Я совершенно несведущ в том, какие должны быть предприняты первые необходимые шаги. Тем не менее возможно, что самым первым из них (в том случае, если вы и впрямь, как лорд Люкселлиан сказал, согласны помогать нам) будет следующий: вы сами или кто-то из ваших помощников приедет к нам и осмотрит здание и затем составит об этом отчет, к вящему удовольствию прихожан и всех прочих.

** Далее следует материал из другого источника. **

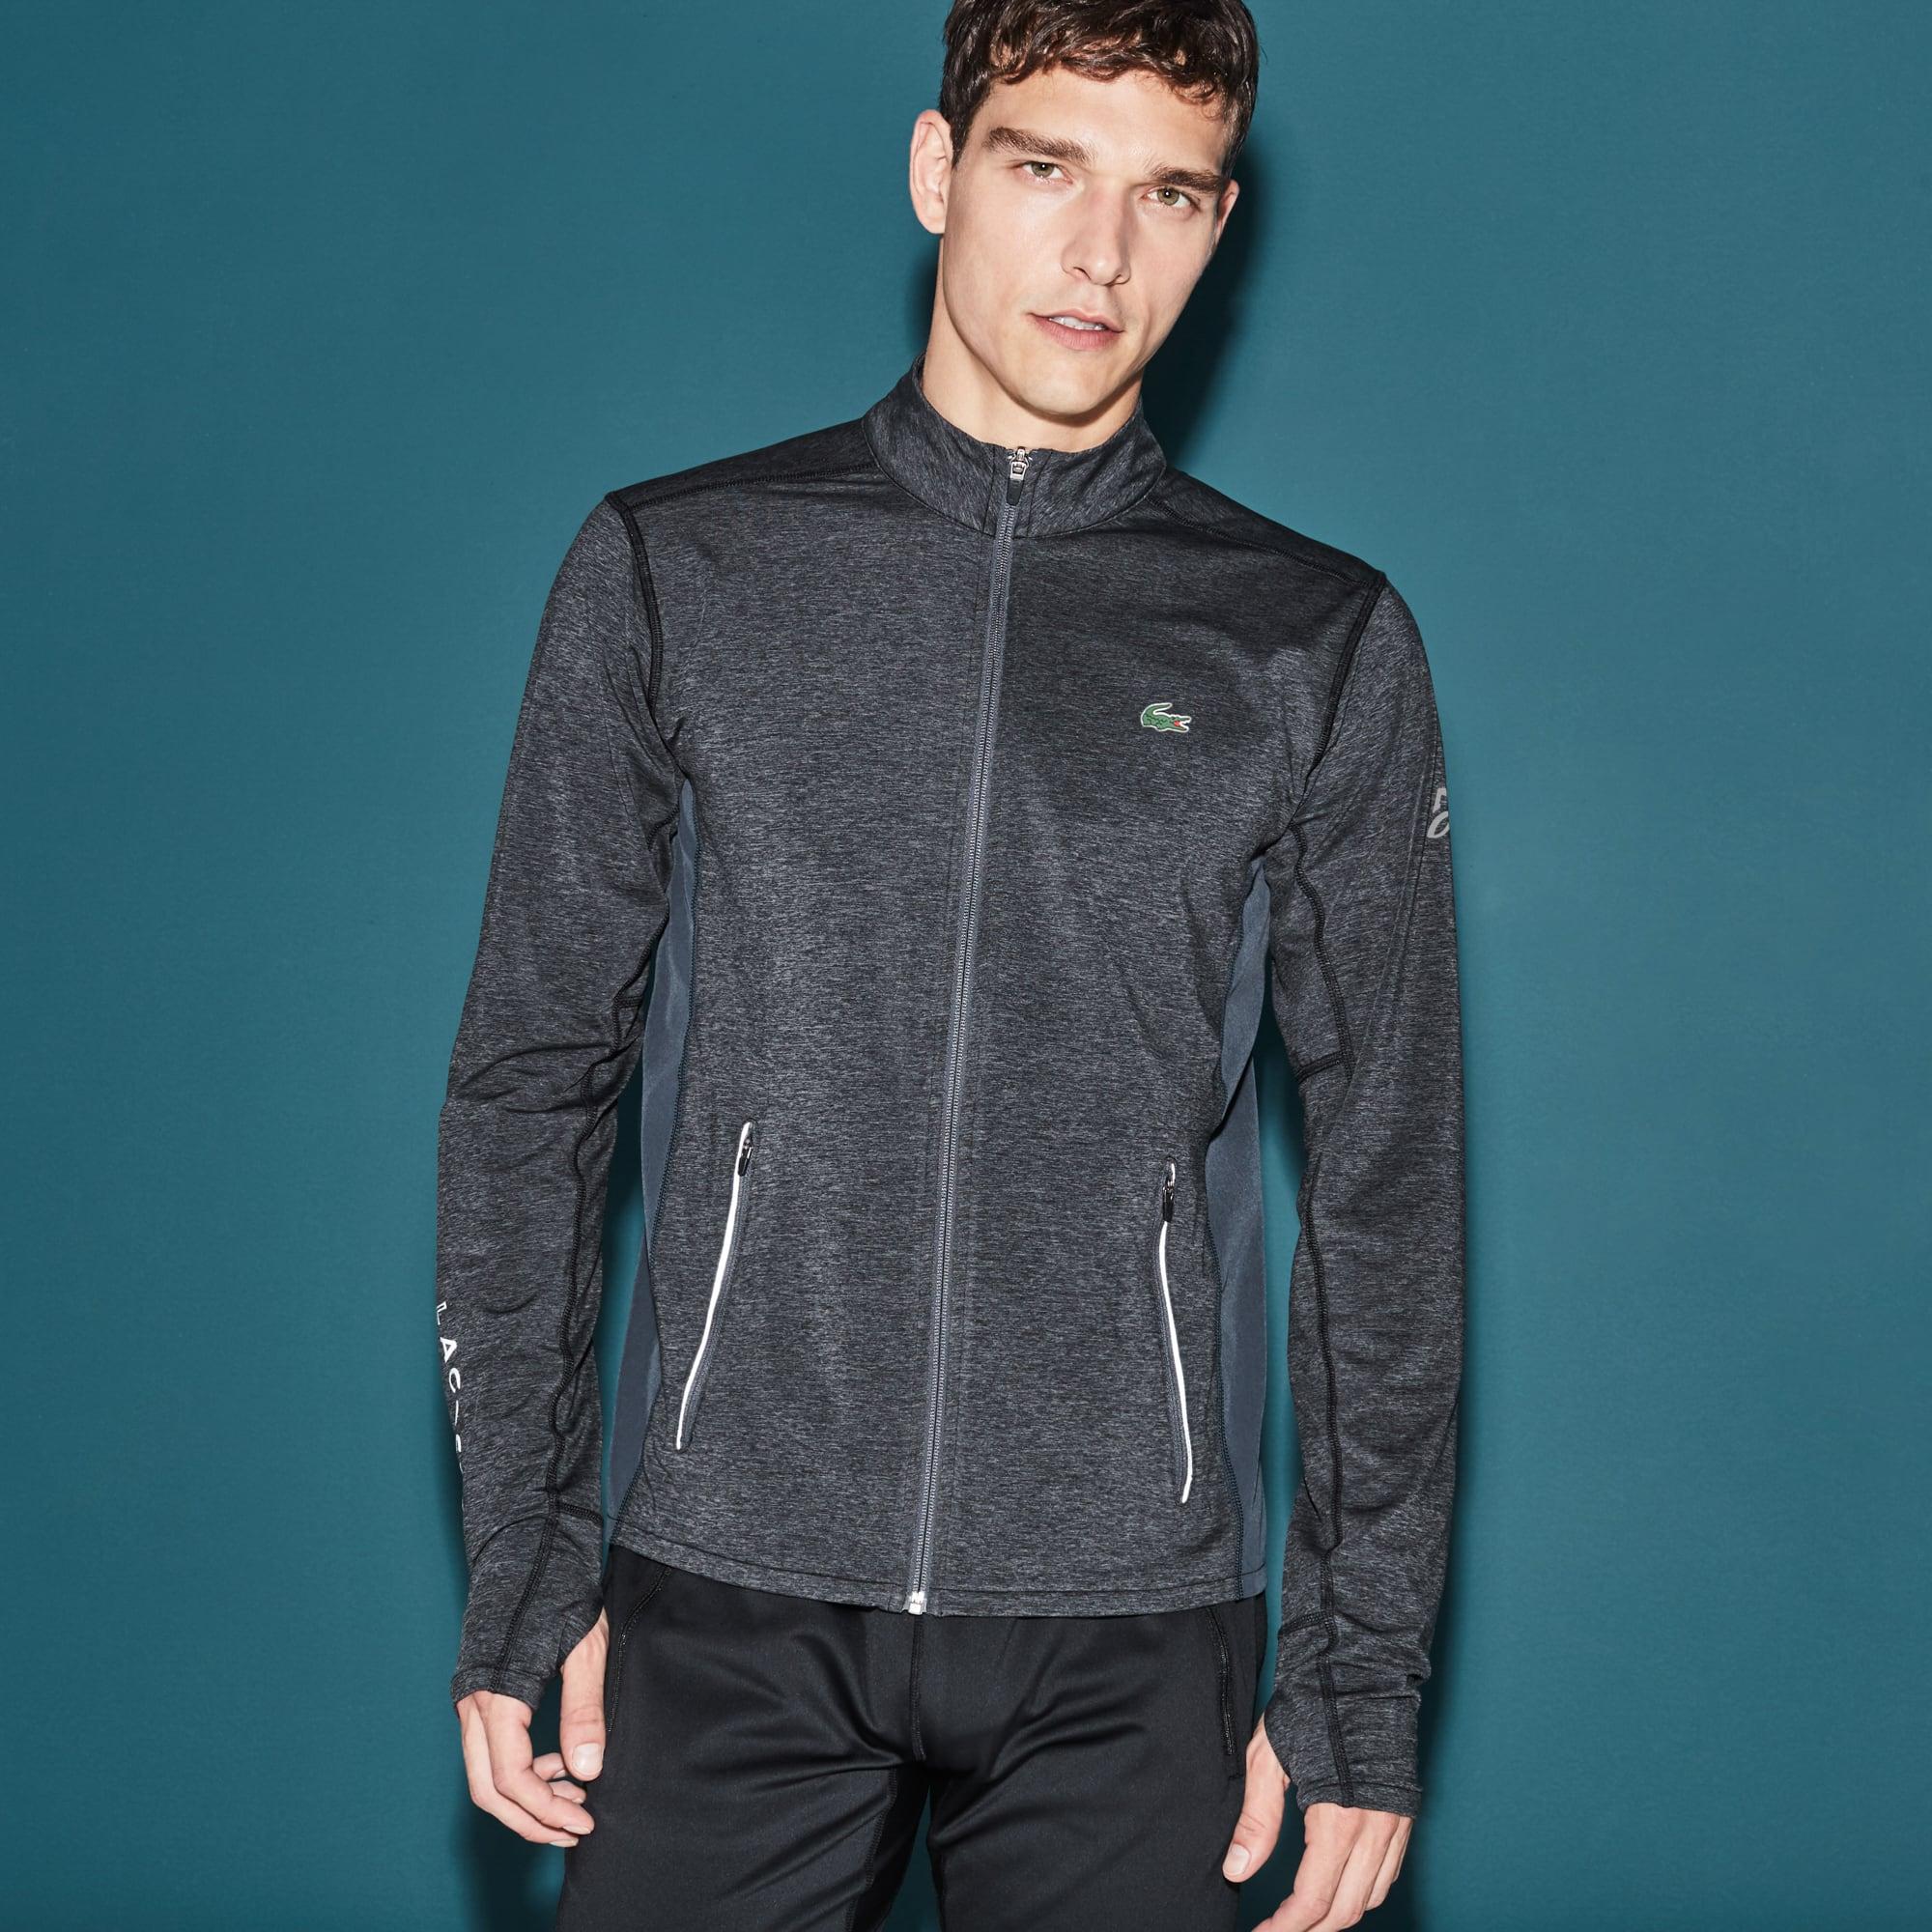 Men's Sweatshirt Lacoste Collection for Novak Djokovic - Exclusive Blue Edition

Наше местечко расположено очень далеко: на протяжении четырнадцати миль к нам не ведет ни одна железная дорога, и самая близкая к нам железнодорожная станция – зовется городом, хотя на самом деле это скорее большая деревня, – Касл-Ботерель, расположенный в двух милях от нас, и потому всего удобнее для вас будет остановиться в пасторском доме – я рад предложить вам свой кров, – вместо того чтобы останавливаться в гостинице Касл-Ботереля и возвращаться сюда же утром.

В любой из дней на следующей неделе, который вам будет угодно избрать для визита к нам, вы убедитесь сами, что мы вас примем с радостью.

Искренне ваш,

КРИСТОФЕР СУОНКОРТ

От МИСТЕРА ХЬЮБИ – МИСТЕРУ СУОНКОРТУ

ПЕРСИ ПЛЕЙС, ЧАРИНГ-КРОСС,

20 февраля 18**

ДОРОГОЙ СЭР!

Повинуясь вашей просьбе от 18 февраля, я условился сделать обзор и эскизы башни и крыла приходской церкви, а также выяснить, насколько велики разрушения, от коих она пострадала, в каком виде дошла до наших дней и вместе с тем – каковы предложения по реставрации.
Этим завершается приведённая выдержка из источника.